Debug: Save the problematic frame for inspection

        cv2.imwrite(f'/workspace/debug_folder/{os.path.basename(image_path)}', input)
        break
    elif len(preds) > 0:
        lands = preds[0].reshape(-1, 2)[:,:2]
        np.savetxt(image_path.replace('jpg', 'lms'), lands, '%f')
    else:
        print(f"[INFO] ===== MAYBE can't find face on {image_path} =====")

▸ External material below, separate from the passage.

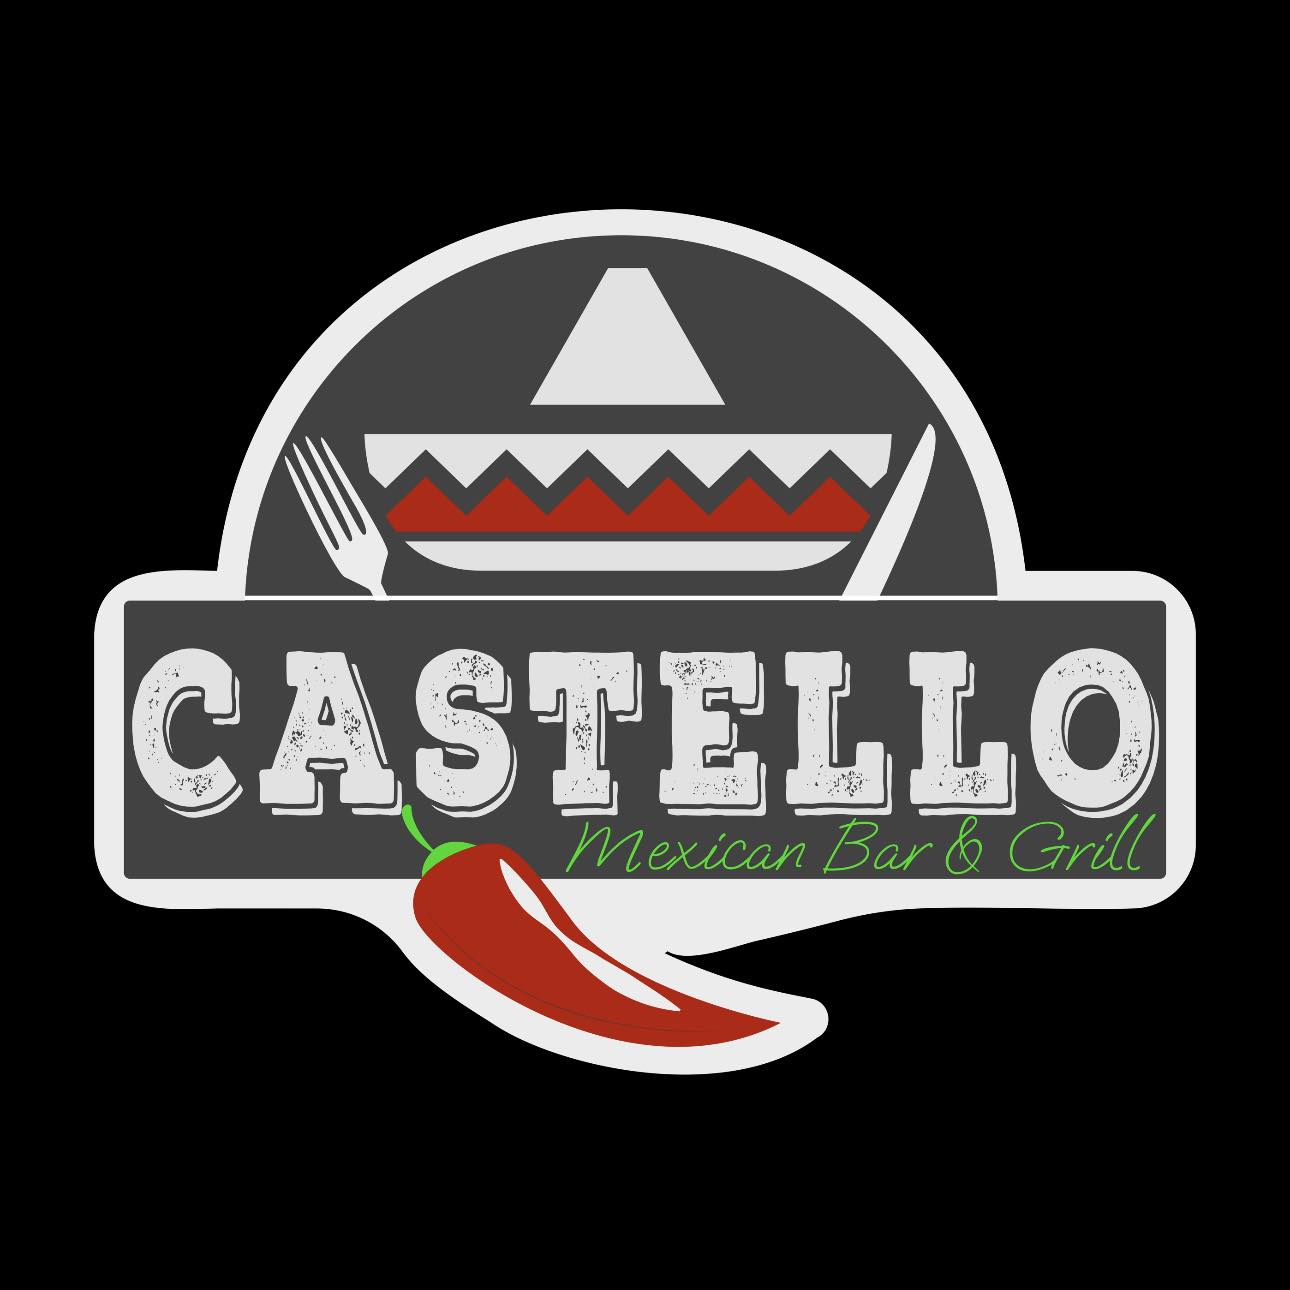 Castello Mexican Bar & Grill

3) I updated render_3dmm.py get_render() to to set bin_size and max_faces_per_bin , this noticeably slowed down processing and bin_size set to zero was my last fall back after attempting a wide variety of combinations. ... bin_size=0, max_faces_per_bin=None,

The above solved my problem, so I thought i would share with the rest of you. I'm sure my approach isn't the best, so if anyone has better suggestions I'm happy to test out any ideas that you all might have which could improve on my rather brute force approach.